OPINION: Civility is Dead, Hallelujah!

Noah Meyer, Opinions Editor

Graphic by Sam Chaney

From the beginning of the 2016 election up to this current moment, there has been a loss of civility in political discourse. Gone are the days of reasoned debate, bipartisanship and commitment to country over party. The politicians say mean things and the untamed hordes come out and yell at each other in the streets. What happened to kindness? Where have our values gone? Our precious norms! A chorus of pocket protectors sing out, “Have you no decency, sir!”

America has finally rid itself of the curse of civility that has infested its brain since the nation was founded by backward aristocrats in the 18th century. Yes, politicians said mean things before now (former presidents Nixon and LBJ are notably obscene), but this era is different. Our president, Donald Trump, a reality TV character and admitted rapist, watches cable news for eight hours a day and probably lacks object permanence. This man sits in the highest political office in America. Suddenly, the prestige of the office has been demystified. All those norms, our nation’s values, and civility itself have been revealed as an absolute crock. Over 300 million people just realized you can have a lizard brain and become president as long as you have a lot of money and are on television enough. So much for the city on a hill.

The death of this illusion has wide-reaching implications, but first, there is this matter of civility. Civility is the most important value to people who don’t have the risk of losing everything when they visit a hospital. It’s the nice facade on the front of the slaughterhouse, the sheen on the sword, the thin line between folks on a dancefloor and St. Vitus’s Dance. You may look up a definition, but it’s pointless. Civility has no meaning other than obscuring the violence inherent in politics. The greatest accomplishments of civility are terms such as humanitarian intervention, enhanced interrogation, and stop-and-frisk—all nice ways to say war, torture and racially-targeted policing. The value of civility is its usefulness to the ruling class to mask their intentions. It’s the code that allows them to punch down without those below punching up.

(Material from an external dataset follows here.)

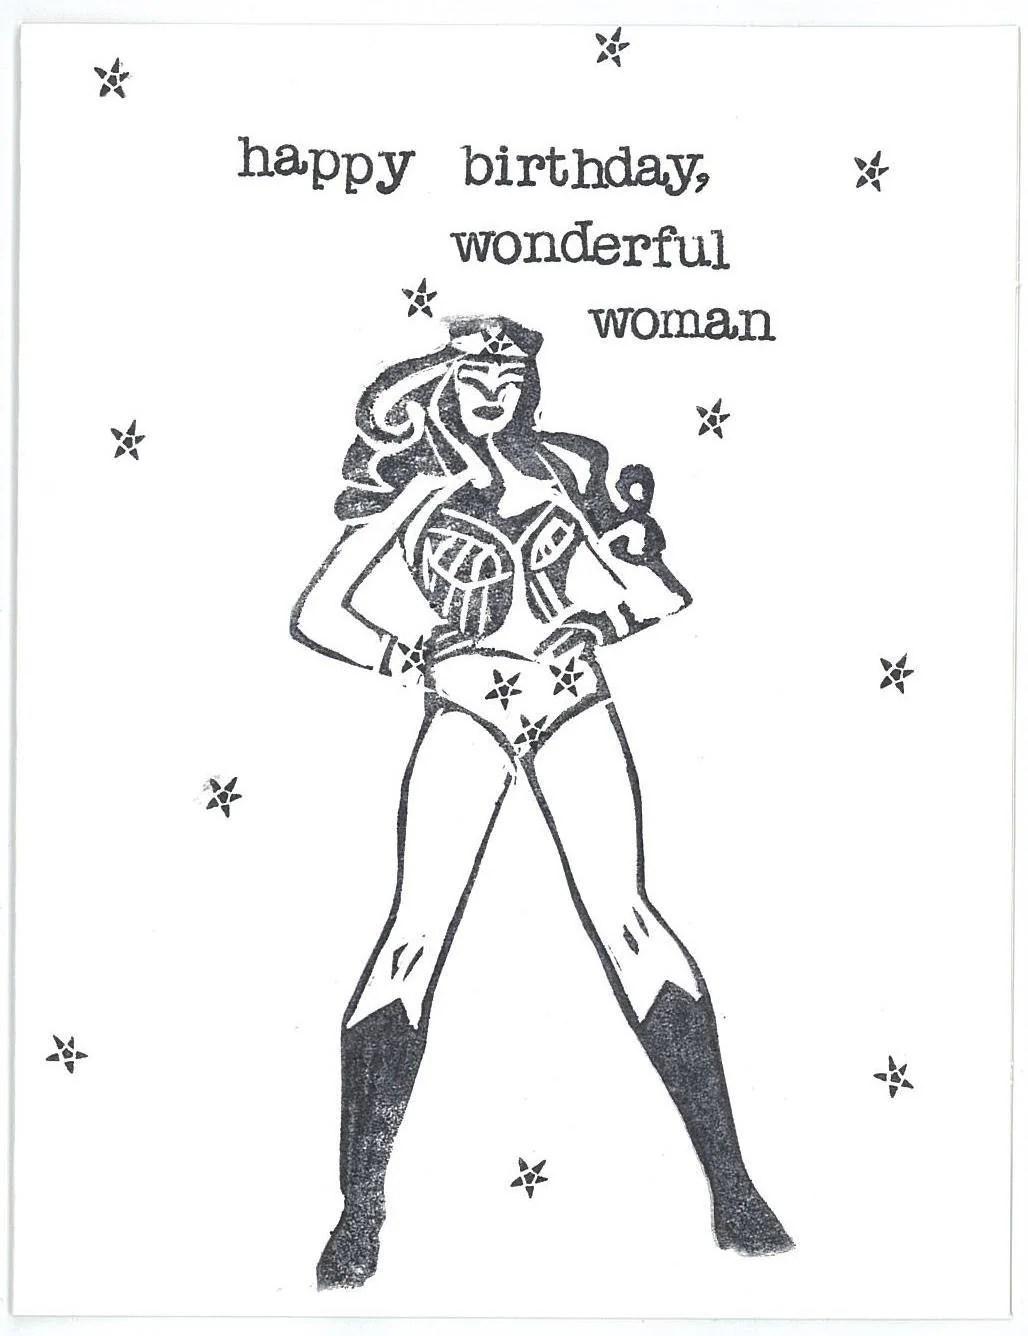 Wonder Woman Happy Birthday Card

Civility is weaponized by both the Democrats and Republicans. Throughout the 2016 election, Hillary Clinton continually harped on Trump’s status as a mean guy, someone who didn’t respect norms, and someone outside the political establishment—a strategy that panned out quite poorly. It was quite obvious to everyone outside of The New York Times and Washington D.C. that the Clinton’s are loathsome figures, synonymous with the elitist ruling class. Hillary Clinton appealed to America’s respect of norms and civility, and the answer was a resounding no. She may have won the popular vote, but feel free to try and find a significant population of people who felt proud voting for her that aren’t employed by a newspaper or the Democratic party. The Clinton campaign was based on civility and it was a failure. None of them saw the writing on the wall at the time. Clinton has now said that “you can’t be civil with a party that wants to destroy what you stand for.” What a great message that would have been back in 2016.

Now in the Trump era, Republicans have become the lovers of civility. The number one rallying cry for those standing behind Kavanaugh was that the opposition was acting uncivil towards him. Their arguments boiled down to a central belief to those that love civility: Brett Kavanaugh had to fulfill his “destiny.” Kavanaugh was essentially designed to be a Supreme Court judge by elite private education institutions such as Georgetown Prep (which Supreme Court Justice Gorsuch also attended) and Yale. His life is entirely divorced from anything resembling the average reality of anyone in America, as is the truth with most of those that make up all of the highest political offices. Thus, Christine Blasey Ford’s accusations of sexual assault were an affront to the sense of entitlement people like Kavanaugh feel towards positions of power. The Democrat’s opposition to Kavanaugh’s nomination (which was pathetically weak) was accused of being uncivil because they brought up Dr. Ford’s accusations. This is what civility is used for. How dare a woman accuse someone entitled to be a justice? Civility demands someone as pampered as Kavanaugh be crowned to whatever position he wants, no matter what violence has happened behind the scenes. The American aristocracy doesn’t have to follow the same rules as the rabble.

The mask of civility has slipped off, and now there is nothing hiding the ugly reality of politics. For centuries, civility has been the guise hiding the relentless assault on working people from those insulated from reality. There is nothing left to hide behind now. The ruling class has already felt the effects. Protesters occupy their offices, harass them out of restaurants, and shut down the freeways. The most important thing is that they no longer feel safe—a privilege the elite have always had over the rest of us. Ruining a dinner is hardly justice for the number of lives ruined by the ruling class, but if it makes them feel like the walls are closing in on them, then it’s worth it. Flood their phone lines, ruin their dinners, occupy their offices, stand on the steps of their institutions and outside their palaces. Hound and harry them at every turn. Civility is dead, but politics is more alive than ever.